I am trying to figure out the difference between the FFT of an image, say, cameraman.tif in MATLAB and the FFT of image when the image is Gaussian blurred. What is the effect of the averaging filter on the FFT computation?
Pardon me if I'm telling you anything here that you already know. Gaussian blurring is a form of lowpass filtering. This can be seen if you take the Fourier transform of a Gaussian, which gives another Gaussian with a new standard deviation: $\sigma_f = 1/(2\pi \sigma)$. A fat Gaussian in the image domain gives a narrow one in the frequency domain, and vice-versa.
As Tim Wescott pointed out, in general you can see the effect of filtering in the frequency domain by taking the (zero-padded) FFTs of your image and filter, and multiplying them together point-wise. For Gaussian blurring you can see that this product will attenuate higher frequencies and preserve low ones. But the transition from low to high frequencies is gradual, since a Gaussian doesn't have a sharp cutoff frequency like an "ideal" lowpass filter (which has a "box" or "tophat" shape in the frequency domain).

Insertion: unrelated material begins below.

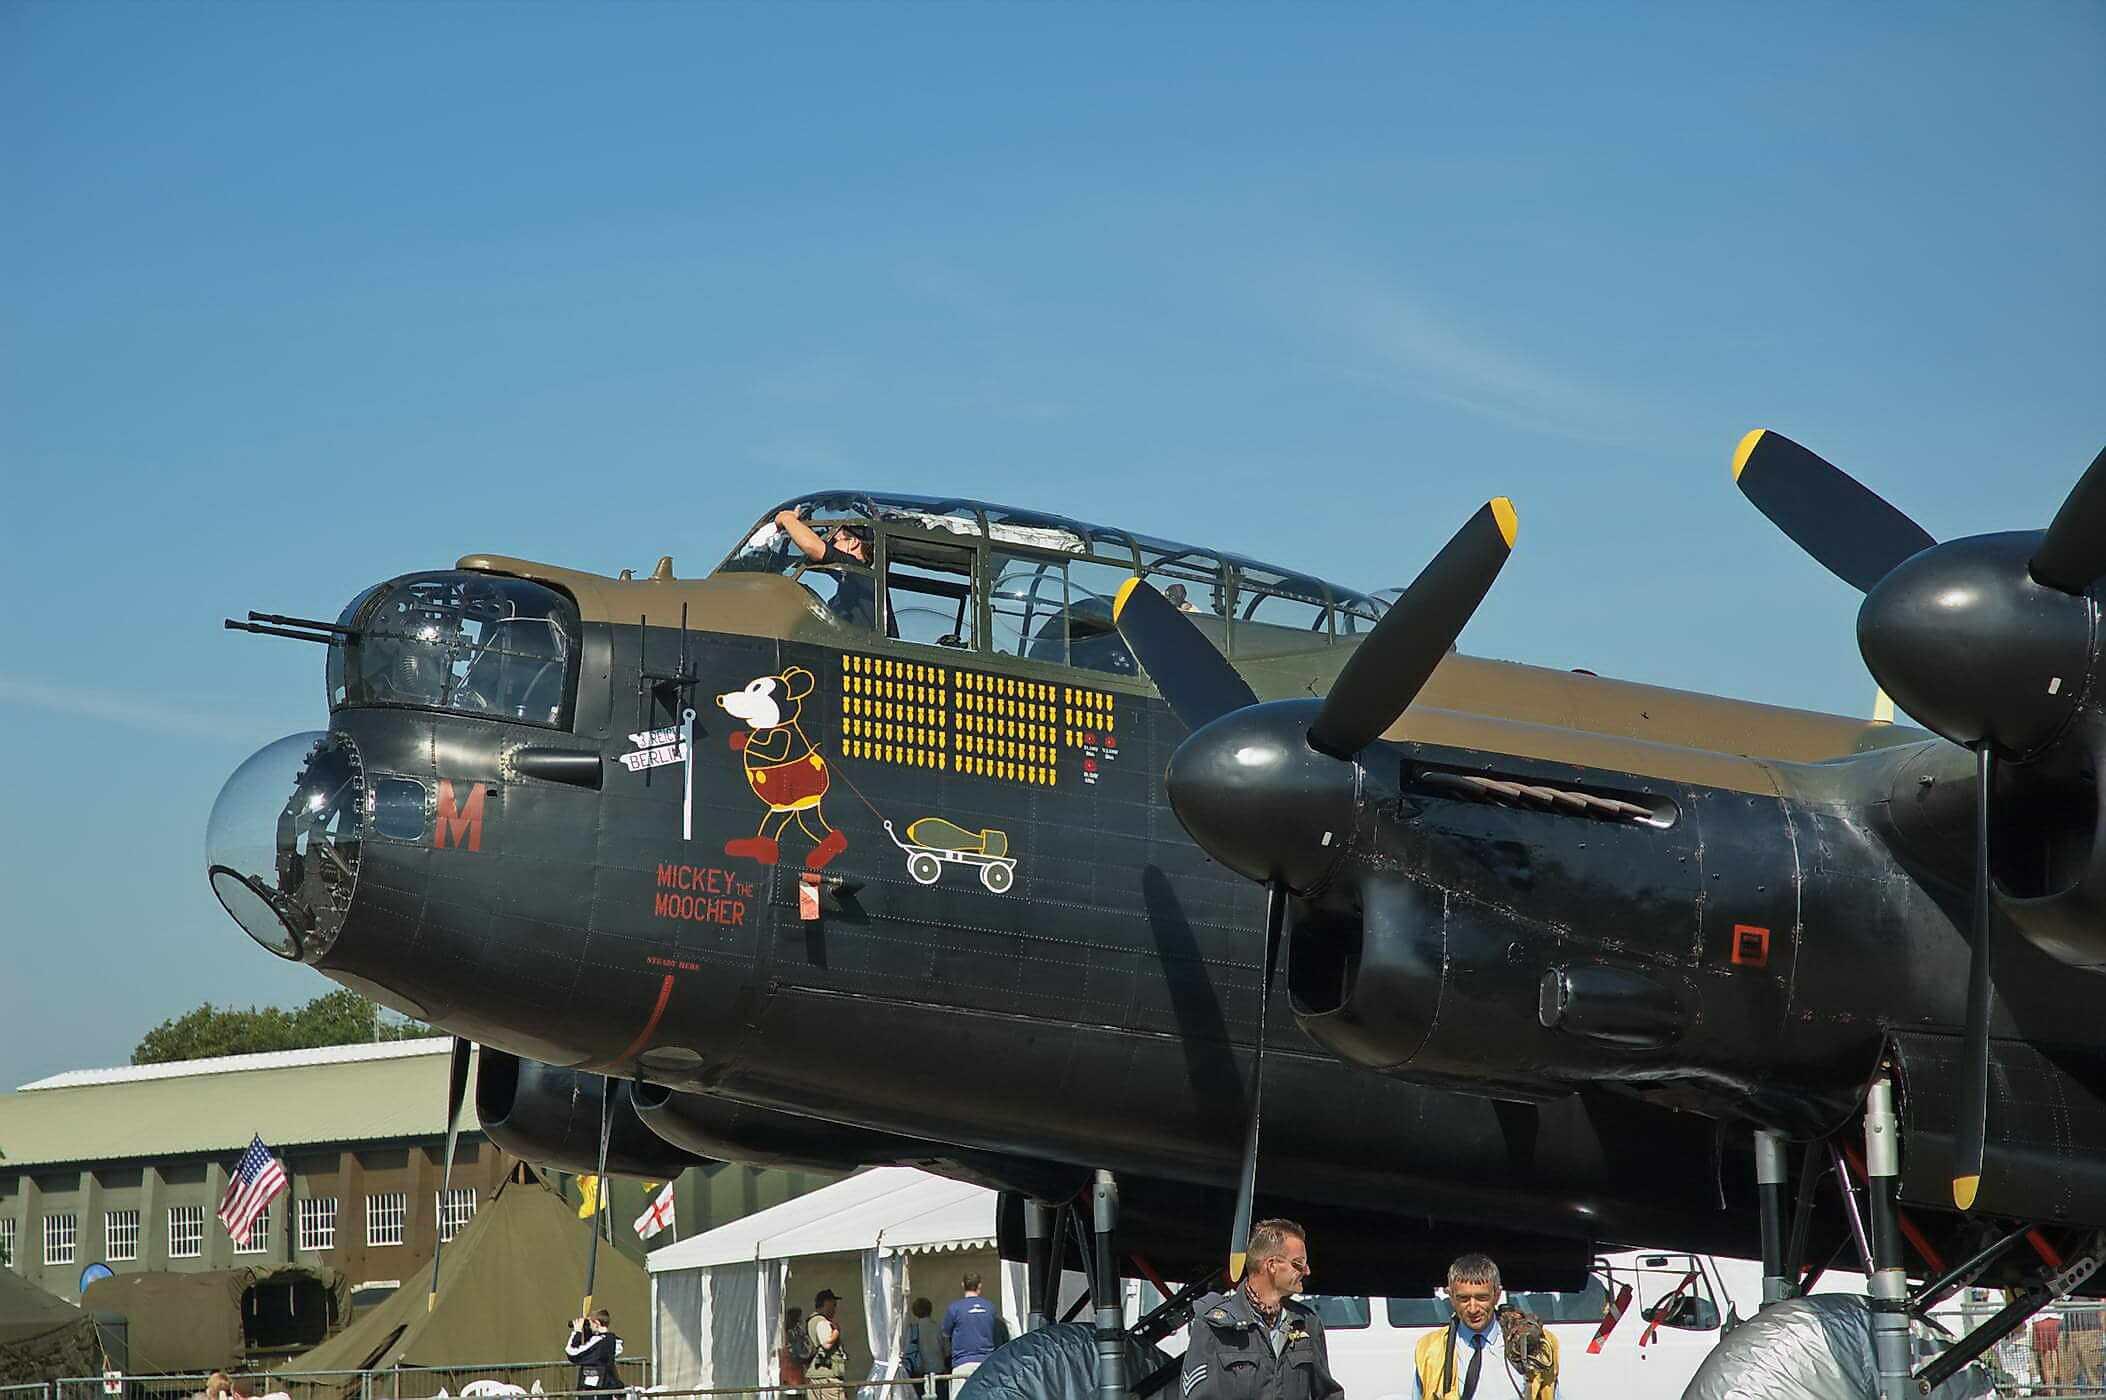 British aircraft ww2

If you took the "perfect" Fourier transform of a blurred image, then the result would be the Fourier transform of the image multiplied by the Fourier transform of the blurring filter.
This can apply to your case, but it depends on the details of how you take your FFT and how you apply the blurring filter. In general, the results will be pretty close.

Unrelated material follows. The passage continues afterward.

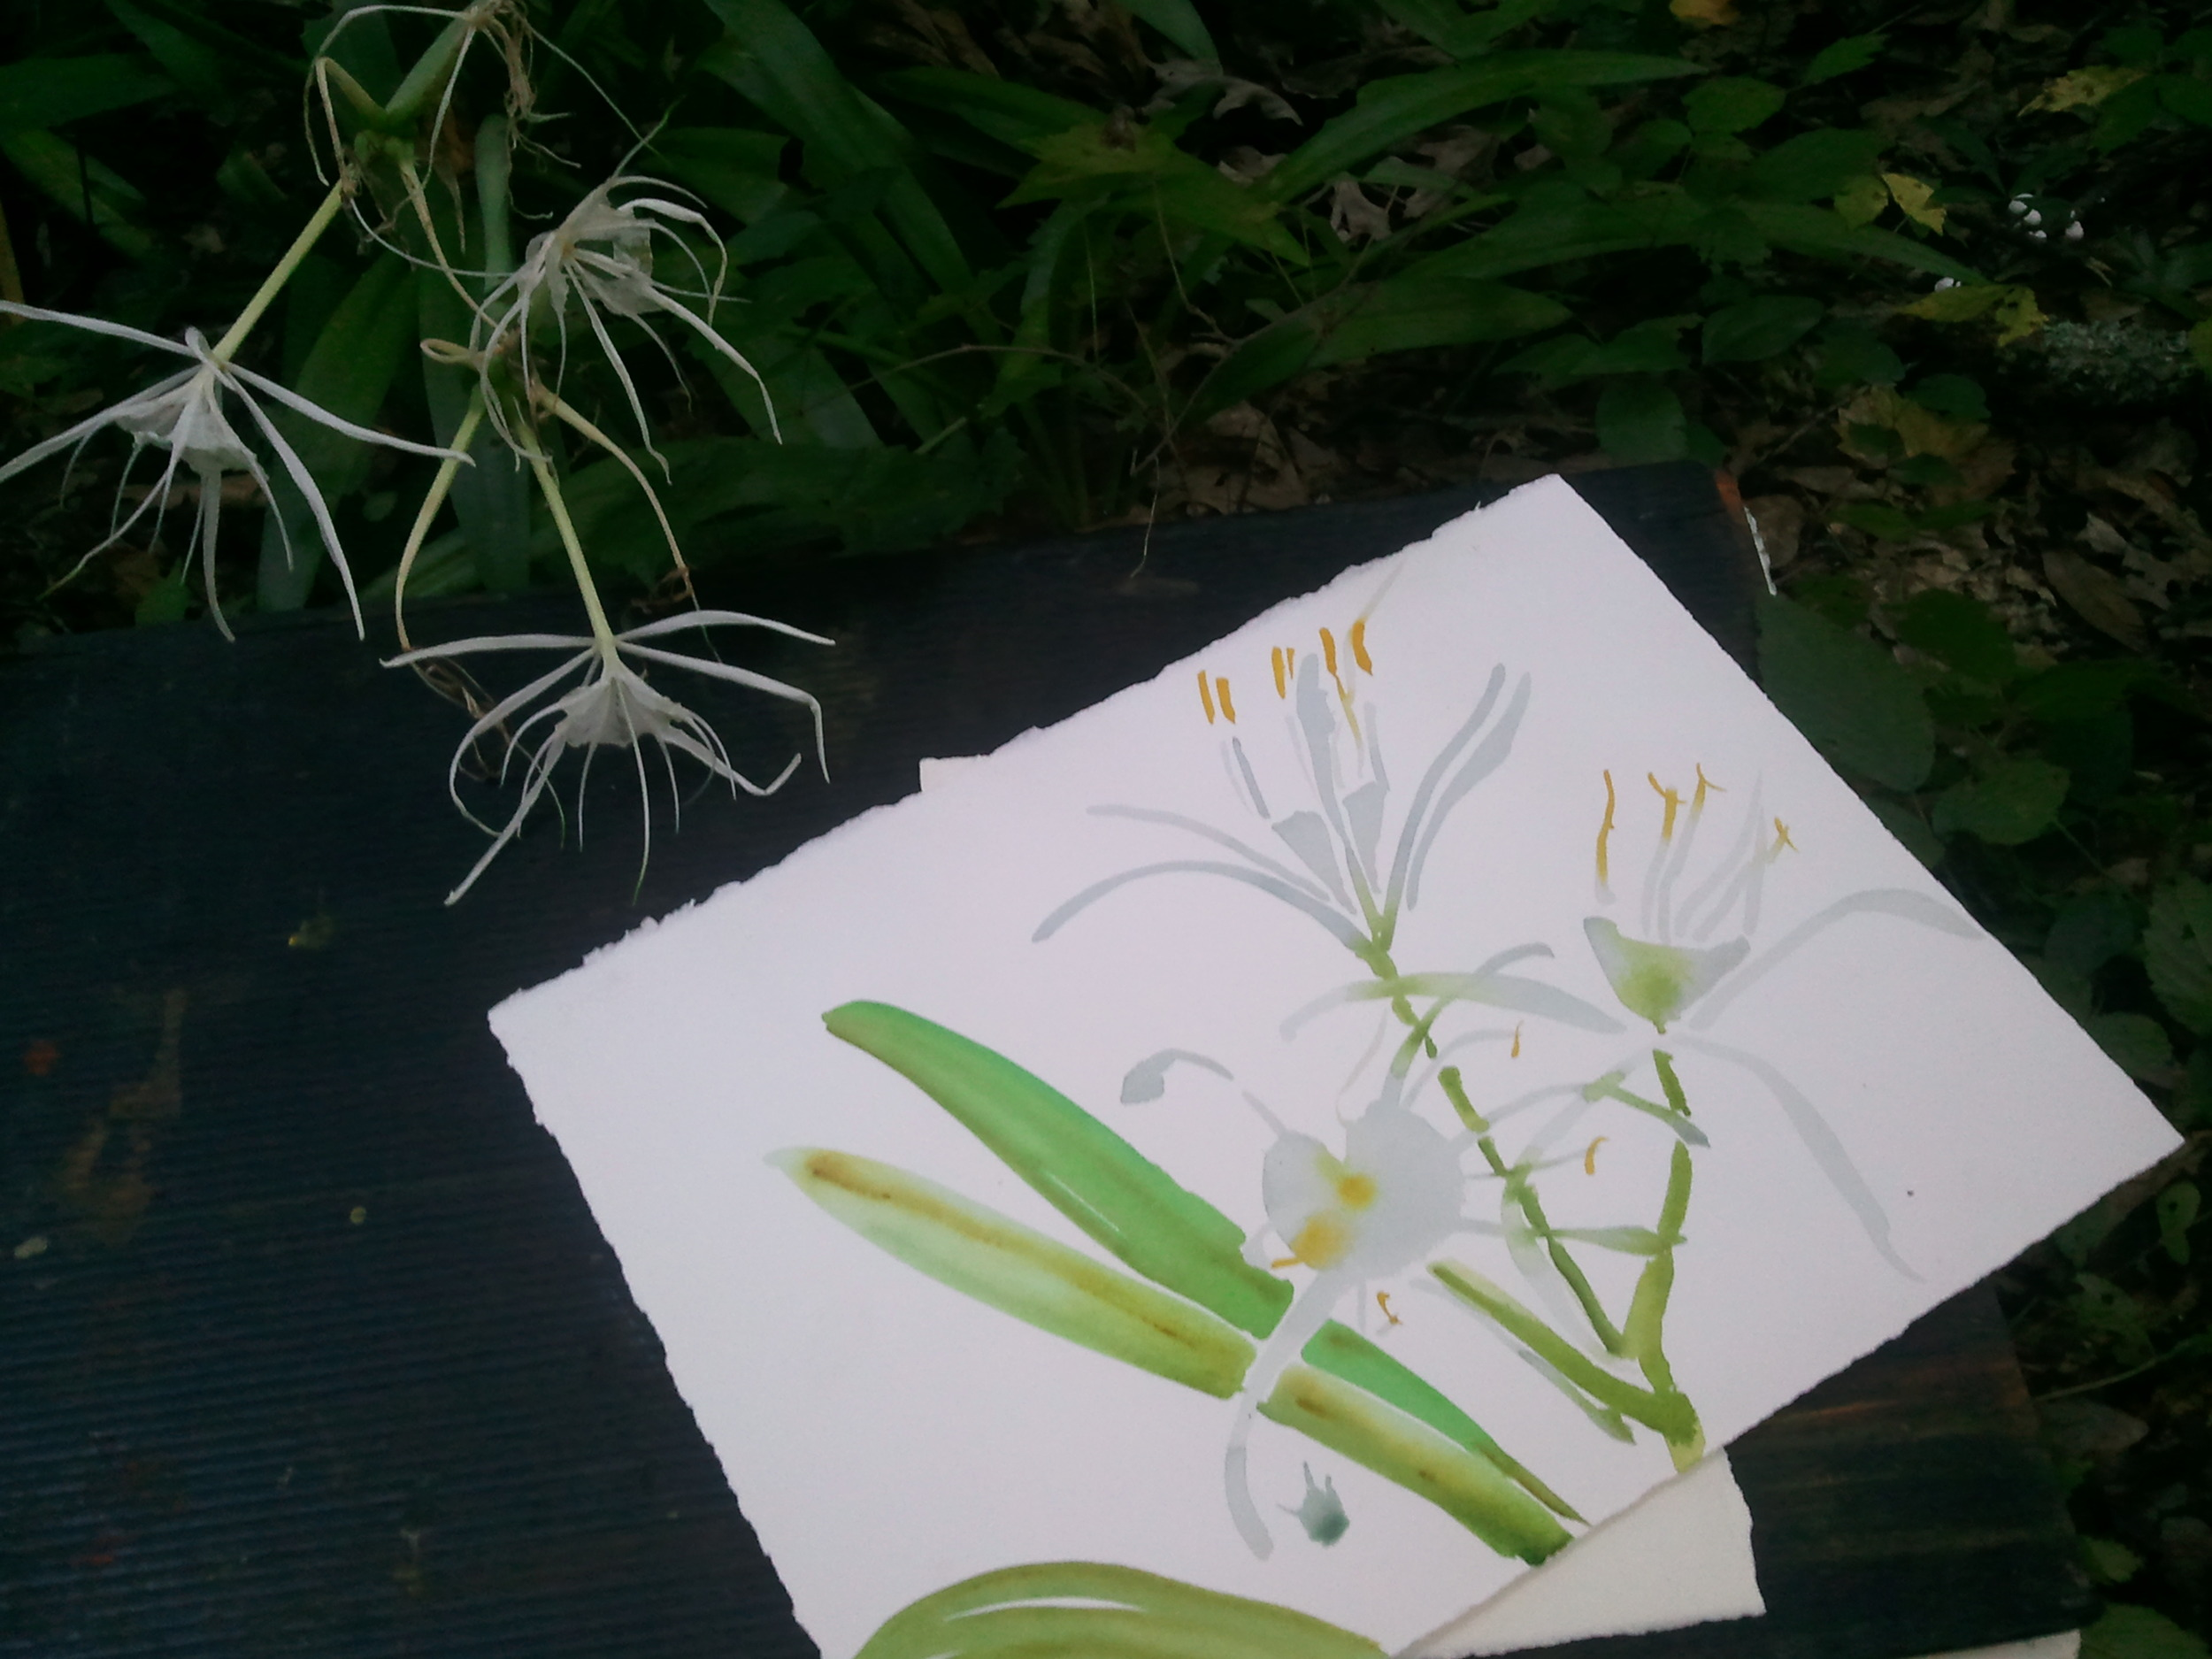 6:30 pm lily sketch

Where things can differ is that if you just take your image as a 2D matrix and take the FFT of it, the algorithm will treat the image as if the top row of pixels is contiguous with the bottom row, and the left column is contiguous with the right. If you took such an FFT and multiplied it by the FFT of a Gaussian filter, then took the IFFT, then the image content on each edge would bleed into the content on the opposite edge (this is well known -- I couldn't tell you what search term to use, but it'll be treated out there in all sorts of different ways).
Gaussian filtering is one of the well-known low pass filtering techniques that focuses on the Gaussian noise models on the data. When you low pass filter the signal, you lose the higher frequency parts of the signals, such as edges on the image. The result is a blurred image.
When you perform FFT on input data with gaussian noise, its going to increase the noiseFloor when you plot the magnitudes vs freq (FFT) plot . If you average/smooth out the gaussian added image data, that will reduce the noise. But it depends on how much averaging you are aaplying .. Too much averaging , you are going to loose the signal features.